• How to complete this task
Pictures are to be dropped. Everything else in the listing gets copied exactly.

• Raw data

━━━━

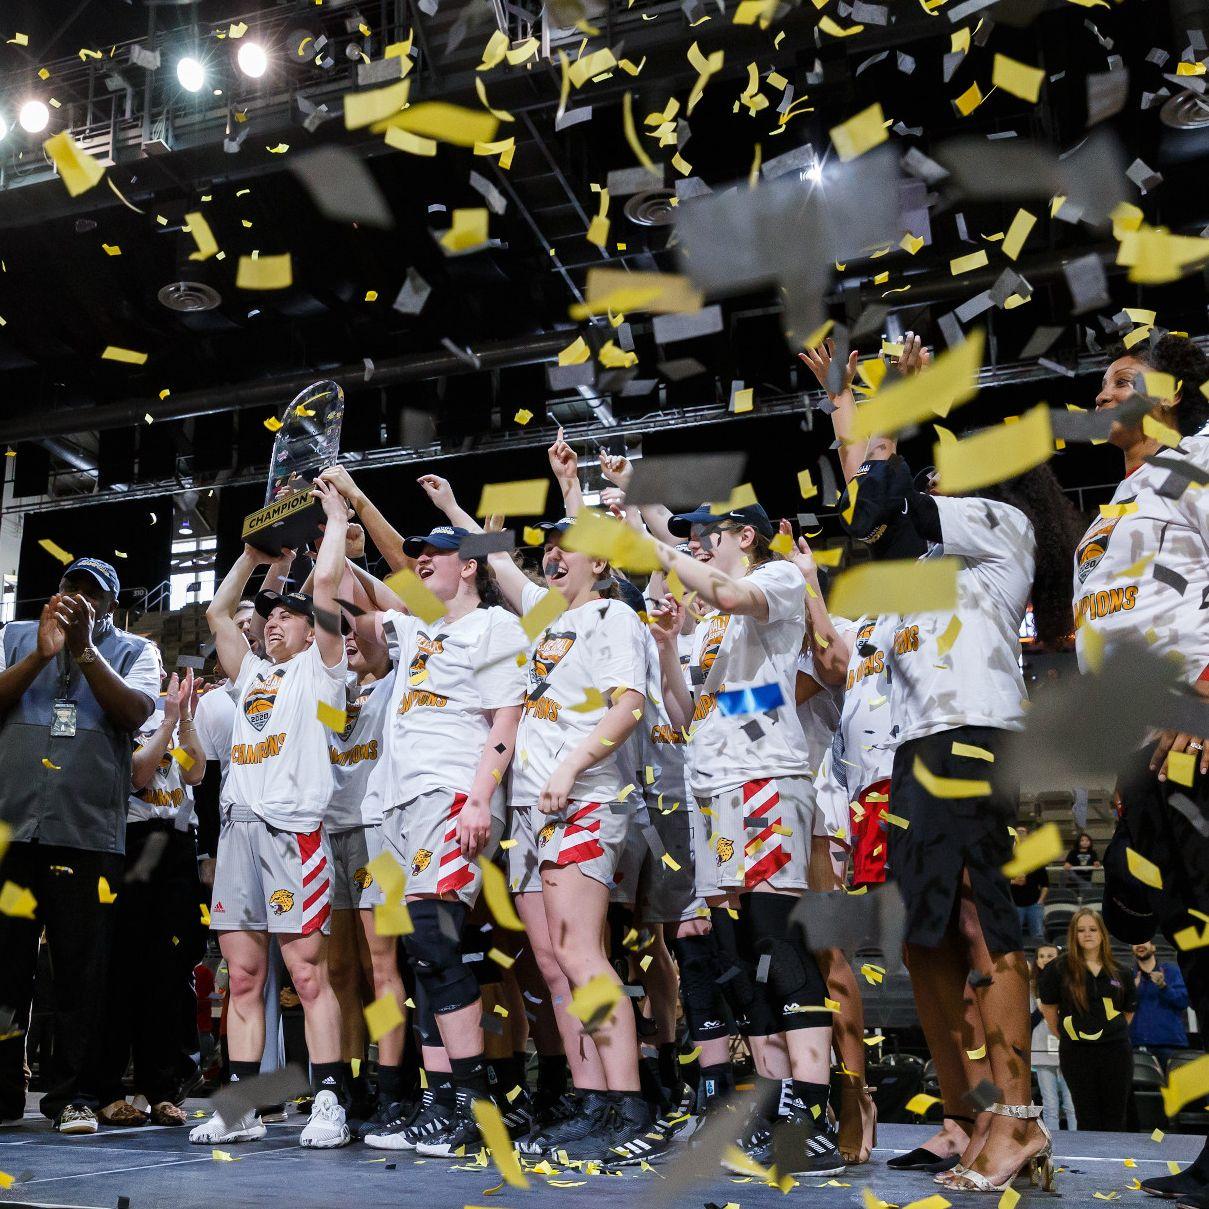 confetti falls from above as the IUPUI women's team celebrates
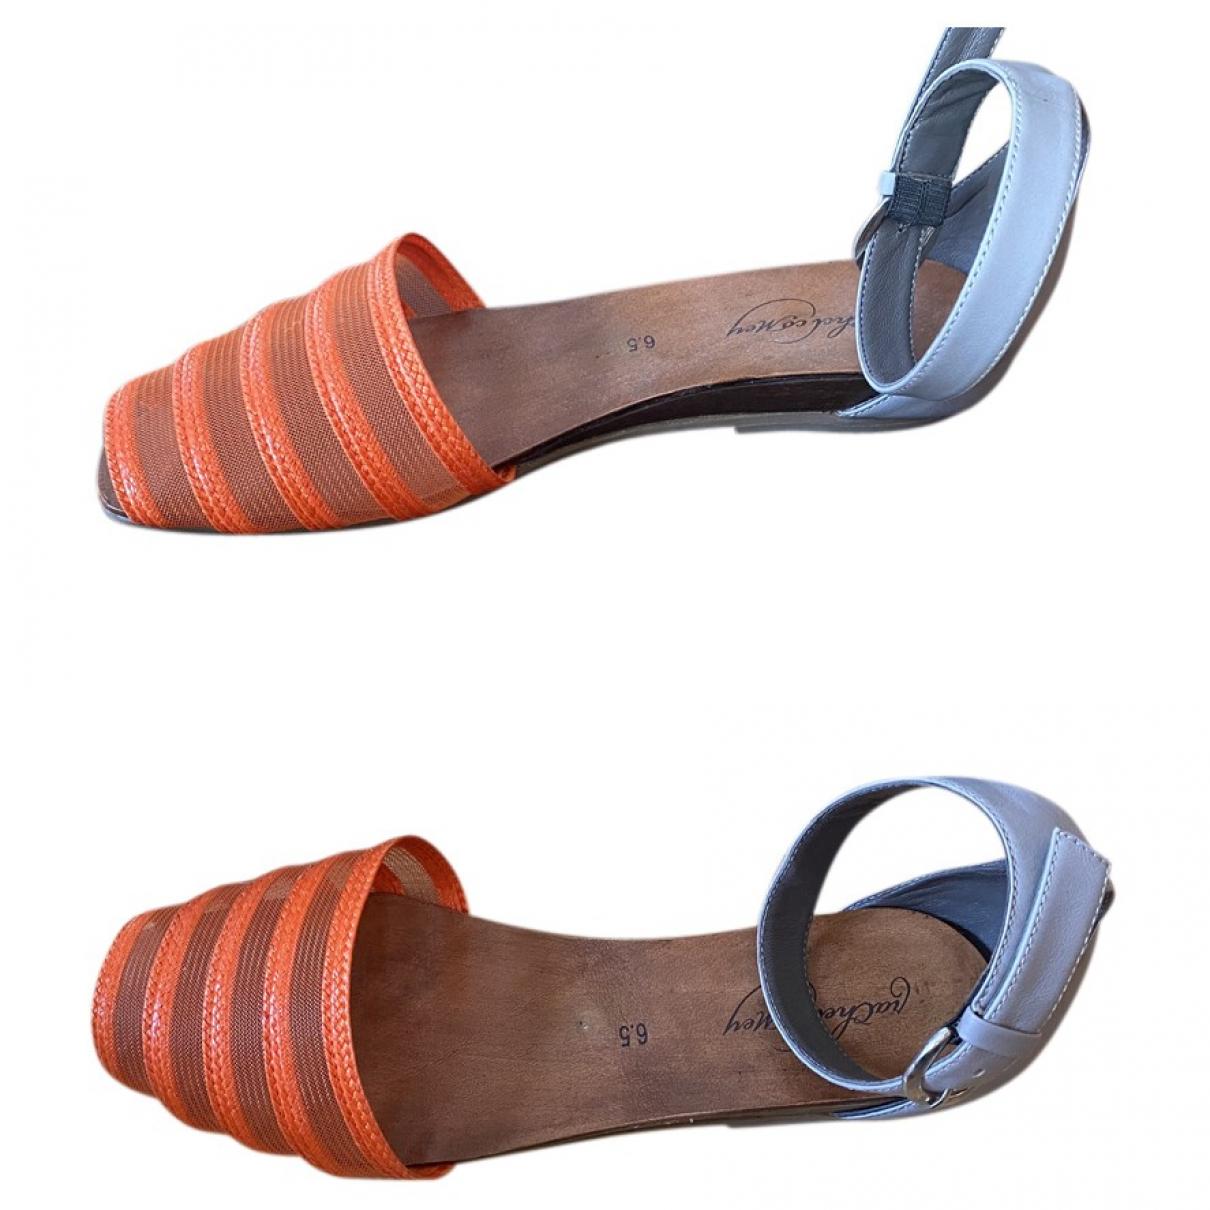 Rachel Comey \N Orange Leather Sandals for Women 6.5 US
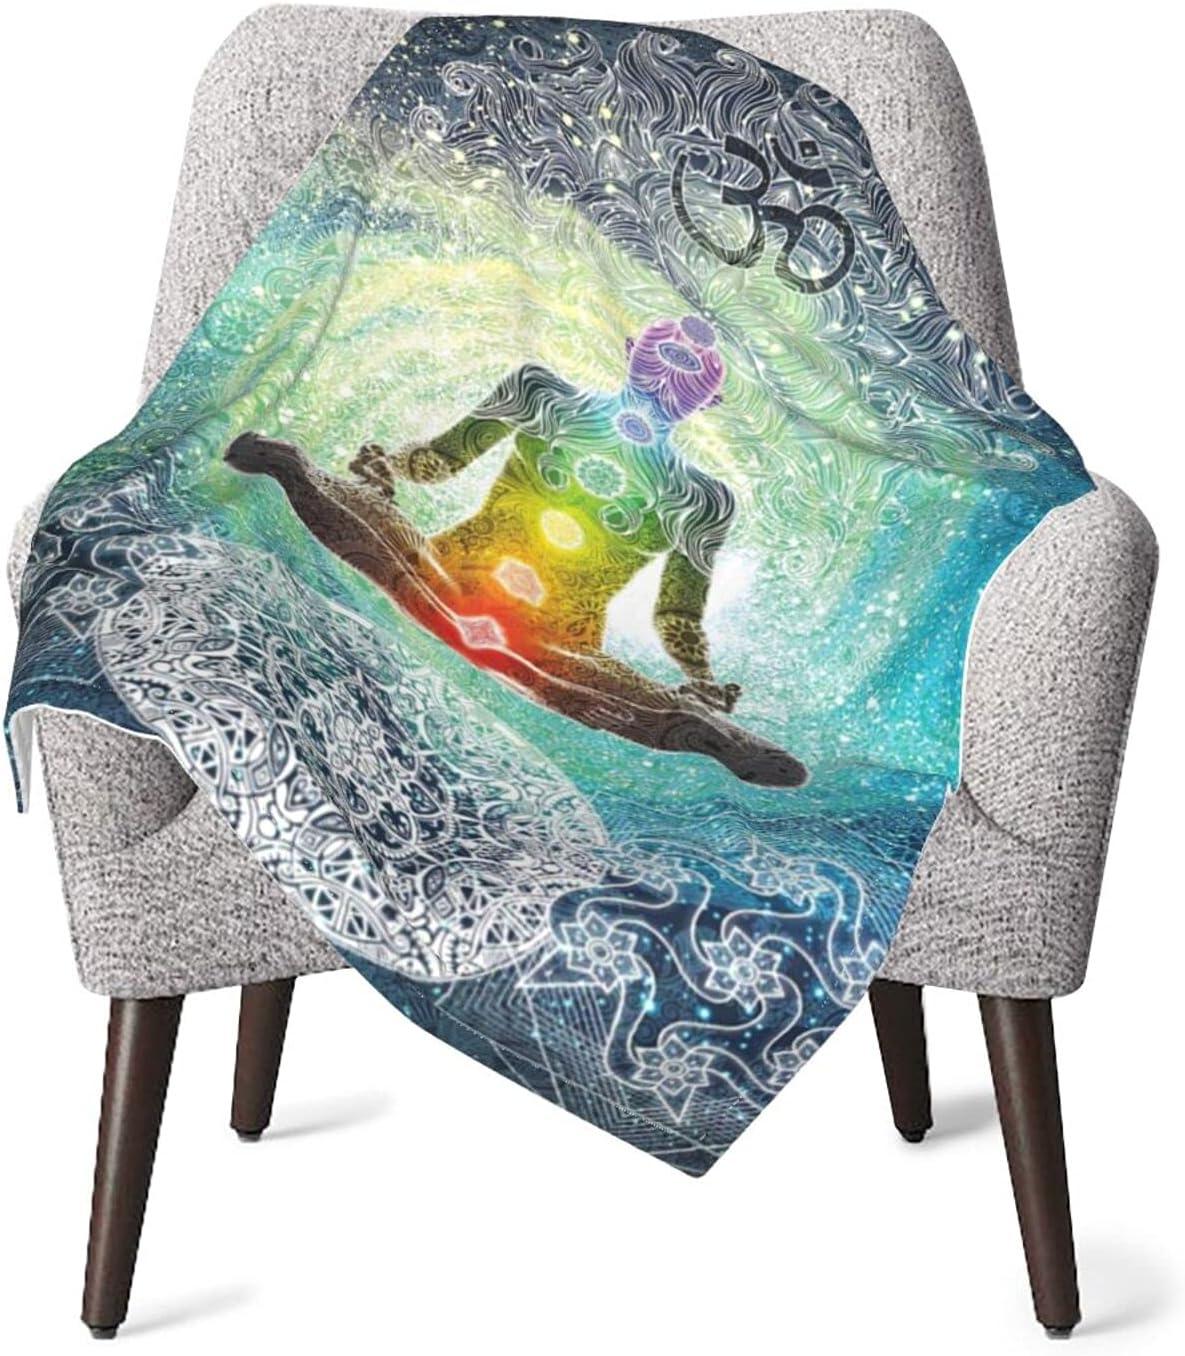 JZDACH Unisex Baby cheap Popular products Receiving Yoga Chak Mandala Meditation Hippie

━━━━

• Result
 confetti falls from above as the IUPUI women's team celebrates
 Rachel Comey \N Orange Leather Sandals for Women 6.5 US
 JZDACH Unisex Baby cheap Popular products Receiving Yoga Chak Mandala Meditation Hippie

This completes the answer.